# Spanish: coger



## gremily

Me pensaba si alguién sabe la etimología de "coger,"  y como llegó a tener una significado vulgar en Latinoamérica.

Claro que no es cuestión de traducción, sino es algo que siempre he querido aprender... hay equivalentes en inglés, pero mi novio me informó que por ejemplo, la frase "he took her to be his wife," que me parece relacionada, es "la tomó" en español, y no utiliza coger.

Curiosidad....


----------



## airblade

Coger tiene que ver mucho con el contexto.

Coger = Tomar, Agarrar, Apresar, Adquirir

yo uso el verbo "Coger" regularmente y eso tiene que ver mucho con la educación de la persona.

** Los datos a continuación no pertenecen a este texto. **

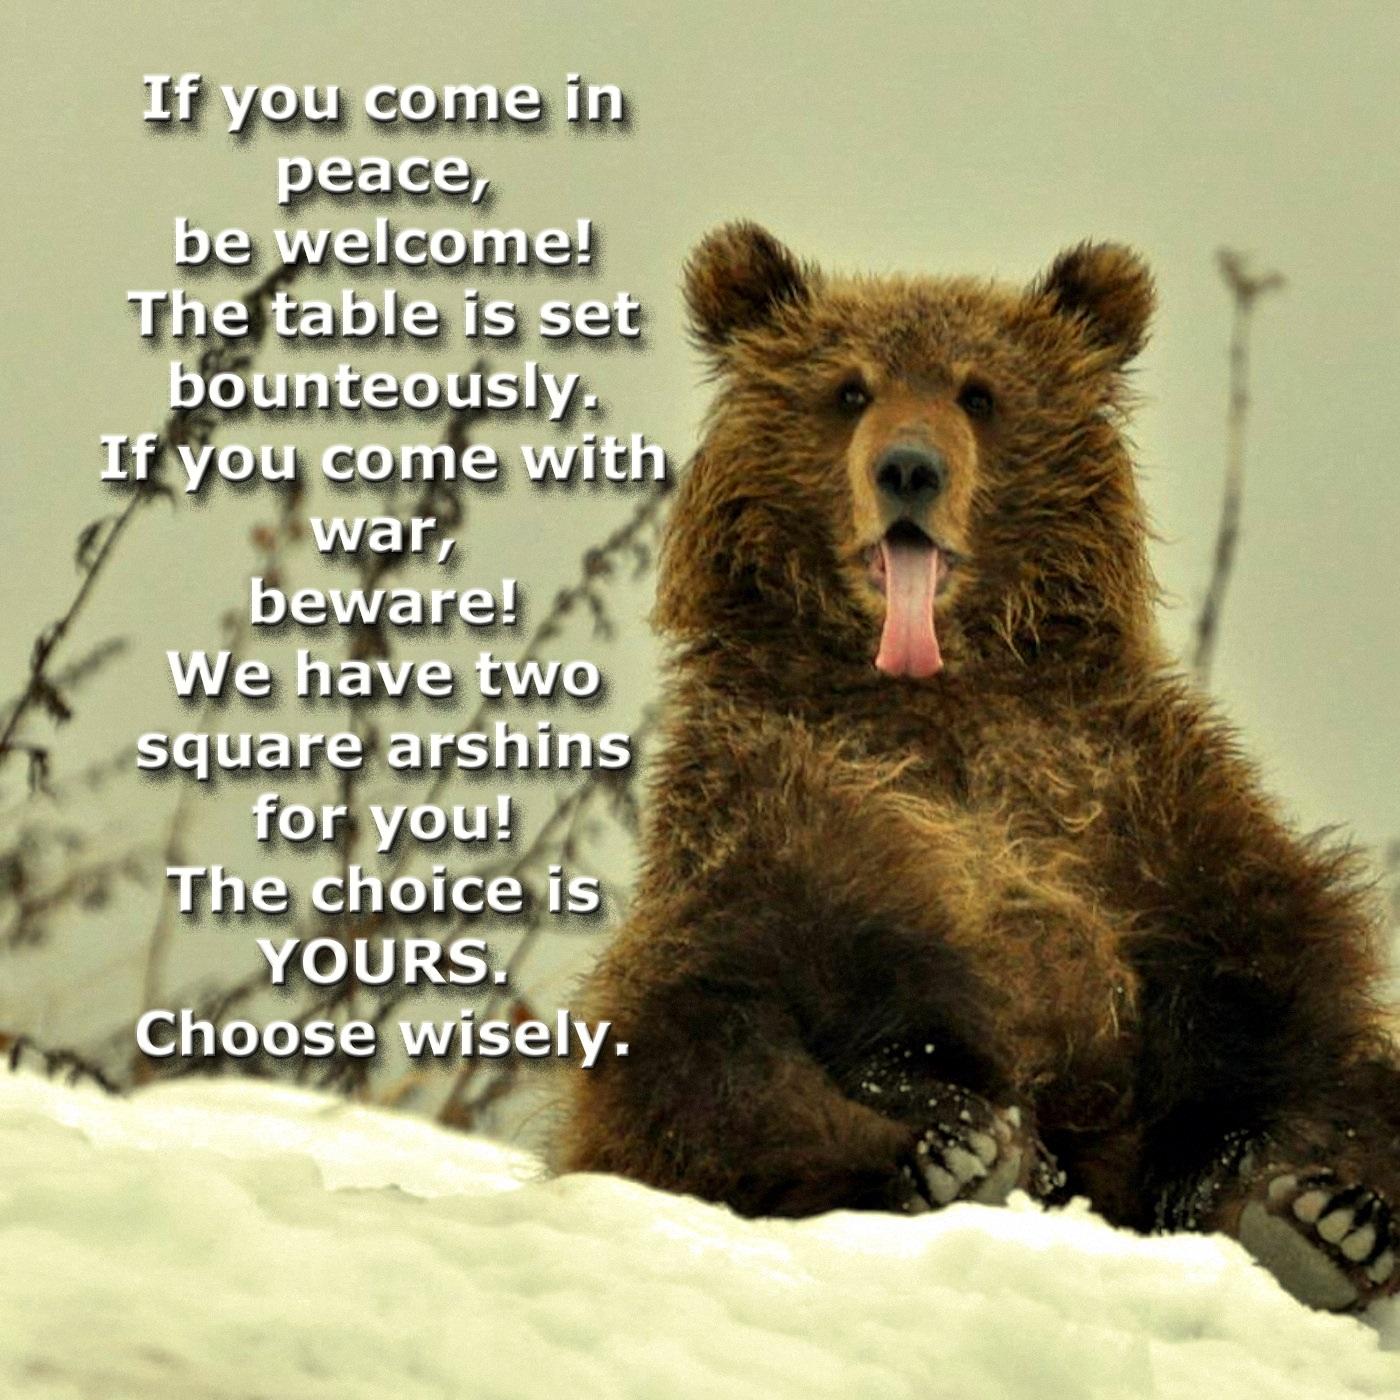 00-russian-bear-war-and-peace-100117

Y tu novio esta en lo correcto
Tomar por esposa es como se dice.

Coger es mas utlilizado como por ejemplo
"Voy a coger un lápiz"

"I'm going to grab a pencil"


----------



## DWO

Hola:
Desgraciadamente, no encuentro ningún documento serio que lo avale, pero la historia de cómo esta palabra se convirtió en algo vulgar en Latinoamérica, viene de la época de la Conquista, cuando los españoles cogían (tomaban por la fuerza para violarlas) a las indias.
Una explicación similar, aquí:

http://es.answers.yahoo.com/question/index?qid=20071129204625AAeinln


----------



## Joannes

En algunos dialectos del *holandés* (mío, por ejemplo), *pakken* y *nemen* se usan con el mismo doble significado de *coger* en Latinoamérica.

Eso puede demostrar que no debe de ser una evolución peculiar, aunque en nuestras partes también hubiera muchos soldados españoles en esa época.


----------



## jmx

gremily said:


> Me pensaba si alguién sabe la etimología de "coger," y como llegó a tener una significado vulgar en Latinoamérica.


La explicación del cambio de sentido creo que se relaciona con esto que se dice en otro hilo: 


> [En España...] se sigue usando coger con el sentido sexual en ganadería, pero es casi un vocablo técnico, como cubrir, no es vulgar.


 Post: http://forum.wordreference.com/showpost.php?p=1632157&postcount=19

Es decir, de decirse de los animales pasó a decirse de las personas. Es una explicación mucho más lógica que la de las violaciones.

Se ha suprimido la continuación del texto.